With the ellipse, lift is not the only thing that is important when considering what is the best airfoil....you must also consider drag....the two together (drag/lift) will give you the effecieny of a wing. I don't really know what the drag on an elliptical type foil looks like. Further the other issue that is important is were the center of pressure is on a foil and how it moves. In order to build a controllable plane this most be accounted for and the ellipse may be difficult to control...i'm not sure about that....would a parasail be an example of an elliptical wing? Maybe someone else would have a better explination?

Steve

Mitek,

I'm going to add to my answer a little. Lets talk about pressure, this is what cause a wing to lift. I assume you have used a straw to drink at some point. What your doing is creating a low pressure area inside your mouth. The atmosphere is at a higher pressure so it tries to equalize the pressure difference by pushing the fluid up the straw. Your lungs work the same way. Your diaphragm expands your lungs creating a low pressure area. Wings work just the same it's the pressure differances around a wing that cause lift...when the boundry layer seperates the pressure differance is reduced. If you notice that the nasa sim has a probe that will allow you to check the pressure around the wing. Using the probe is helpful but a better way to see this is with a picture. At the end of the following link there are some color pictures of the high and low pressure areas around a foil.

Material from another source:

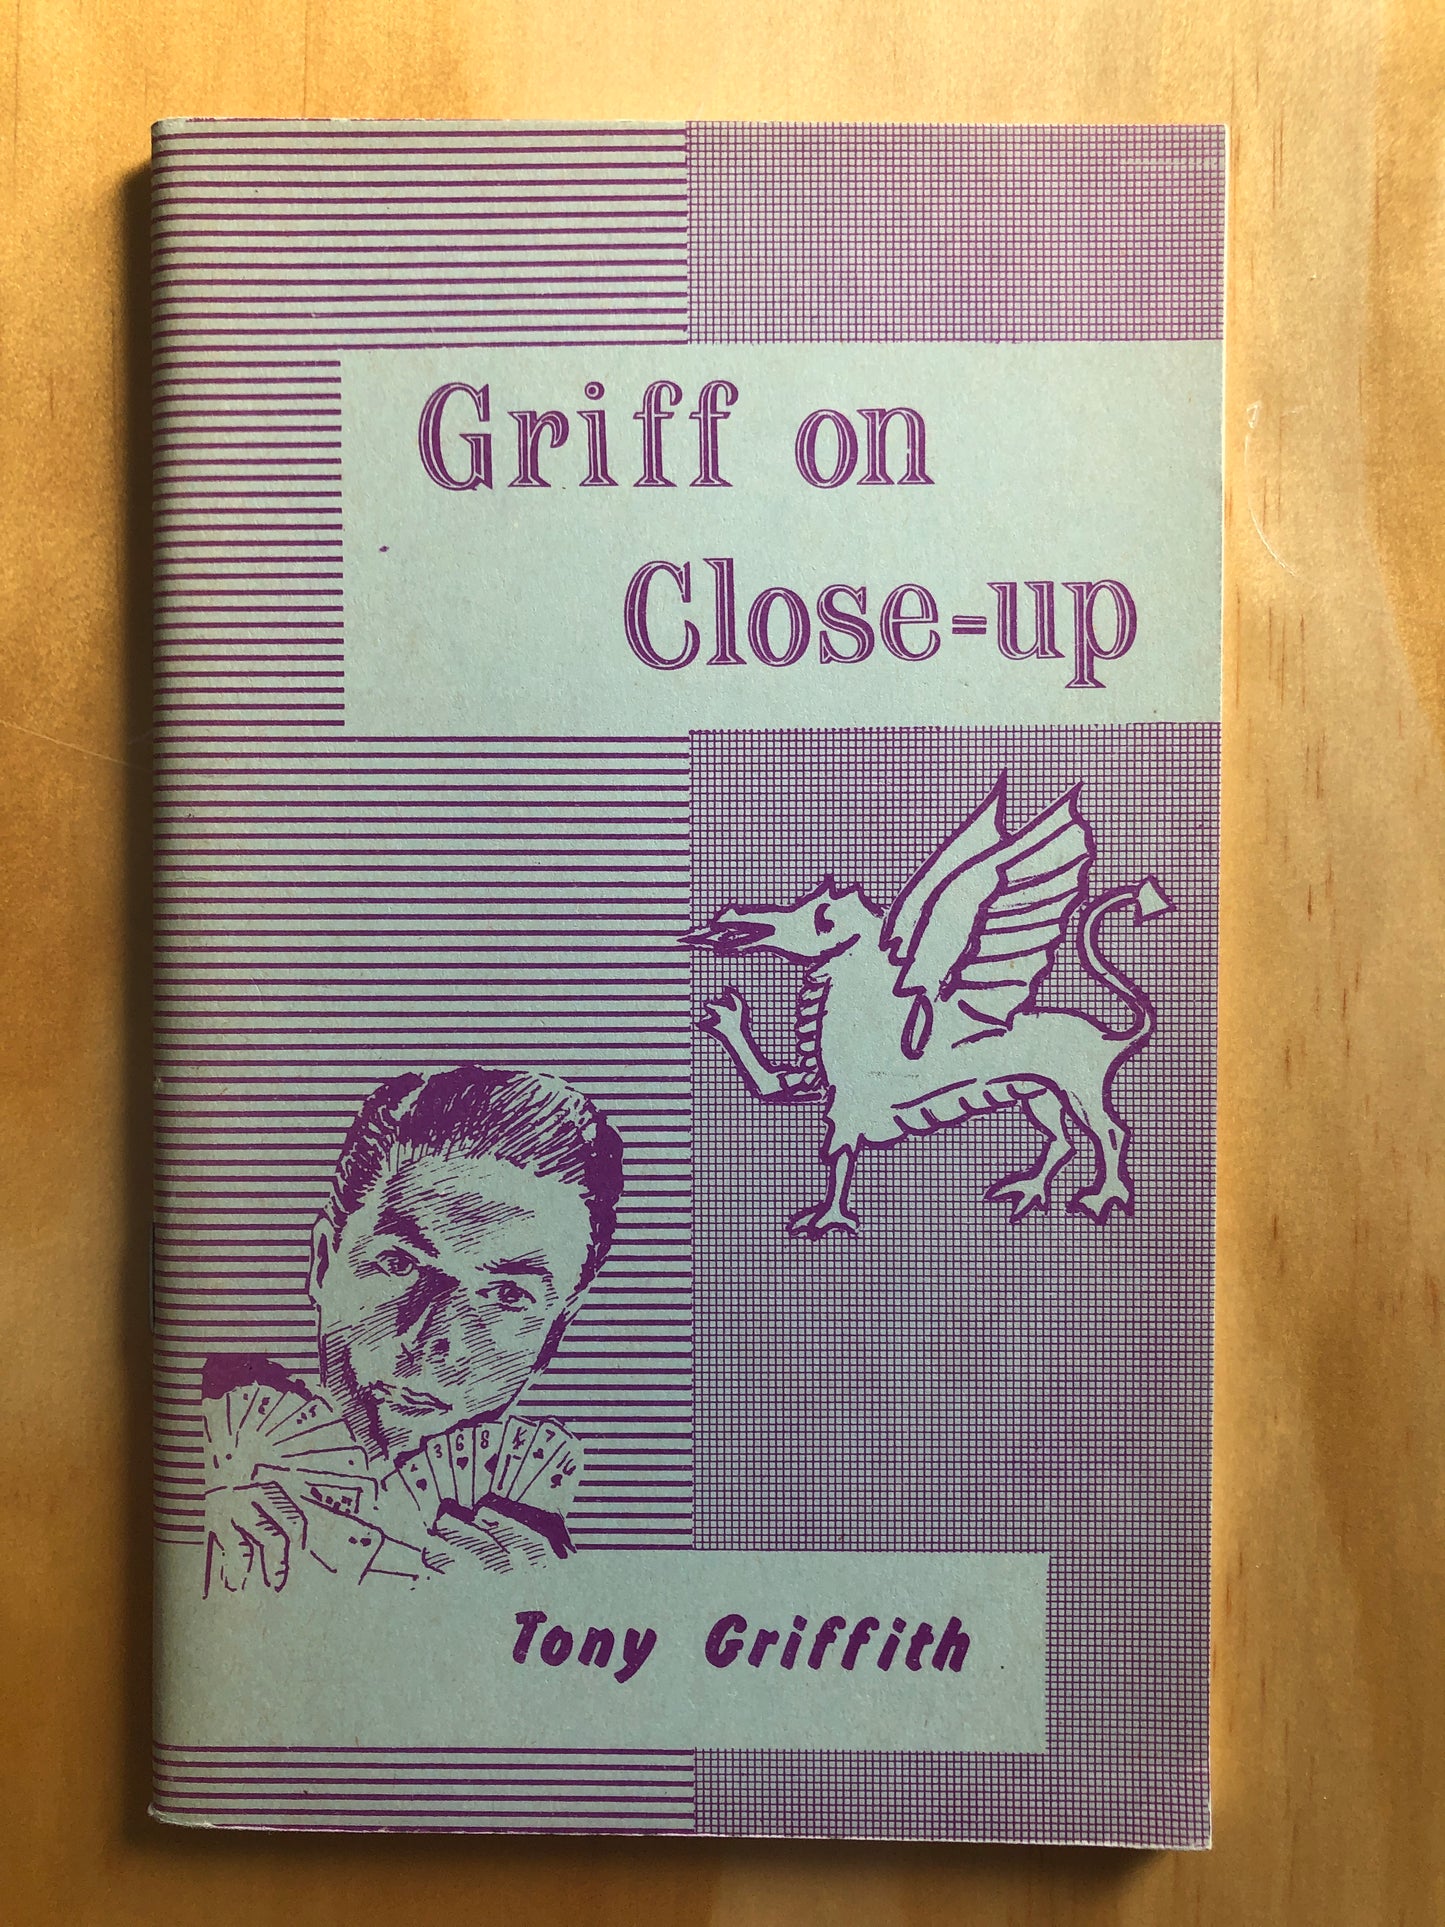 Griff on Close-Up - Tony Griffith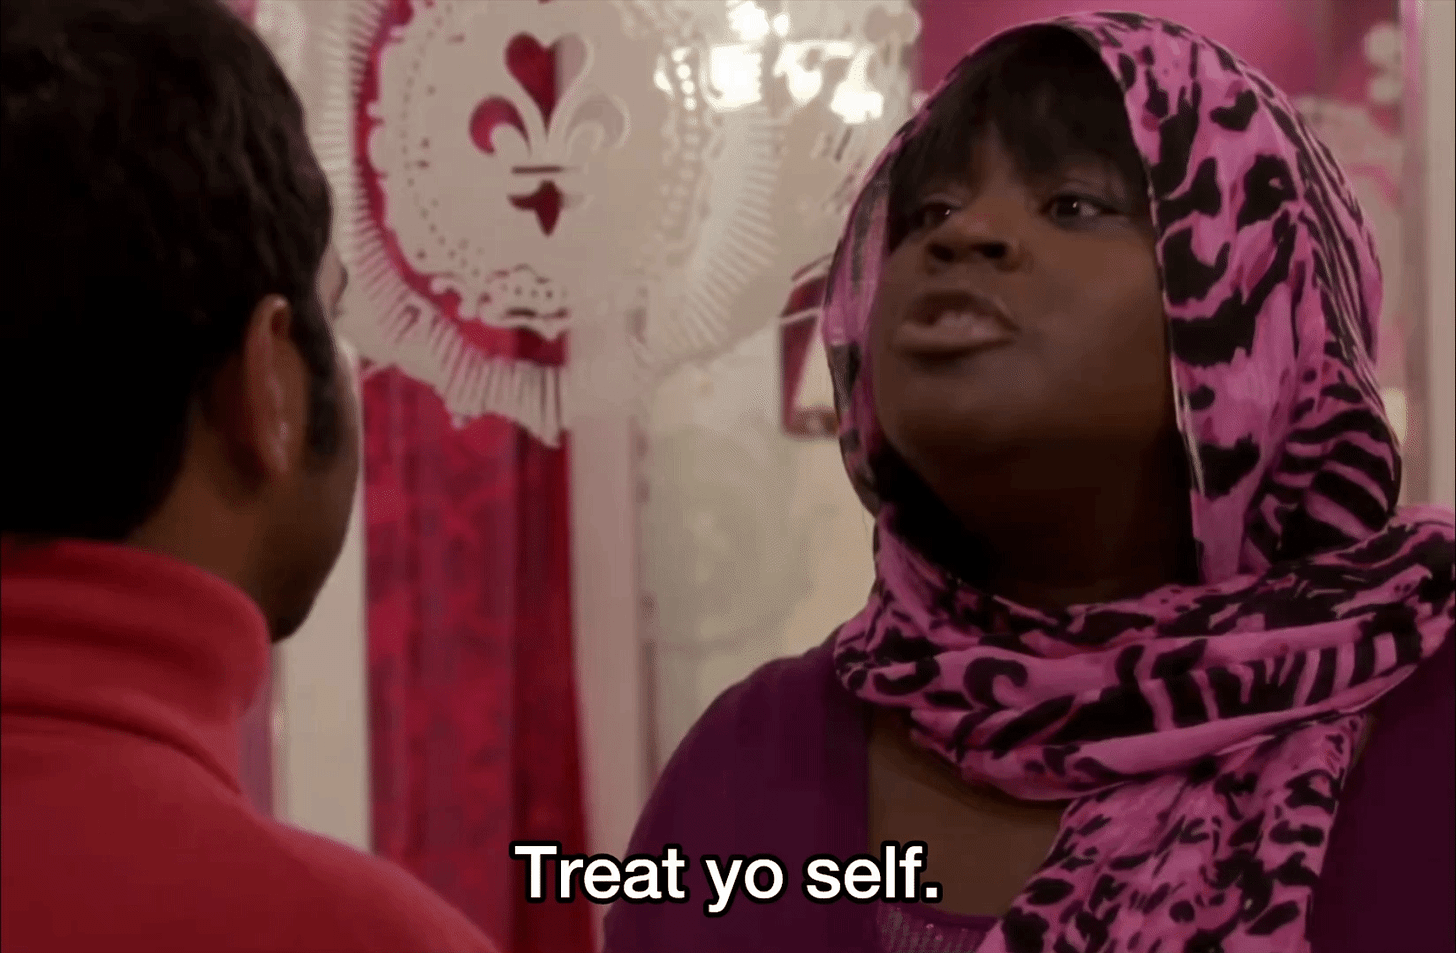 A gif of Donna Meagle from the TV show "Parks and Recreation" saying "Treat yo self."

[link]http://www.mh-aerotools.de/airfoils/index.htm[/link] (check the end of the page for pictures)

Here's another link you that might help:

[link]http://www.eng.fsu.edu/~dommelen/research/airfoil/airfoil.html[/link]



Happy Flying!!!!
Steve

Great Links, DipStick
The pictures in #2 were absolutely marvelous and I could finally see boundary layer seperation. At the last picture, though, you can see that the boundary layer is still close to the wing, shouldn't the wind still have suffucient lift. And I presume that this stall is different from the one where the airplane is going too slow and it stalls. I have heard that in the stall described, the airplane can stall at any spped. Is this true? And I dpn't know where the pictures are on the second page,(the website got updated) but I found a great airfoil simulator.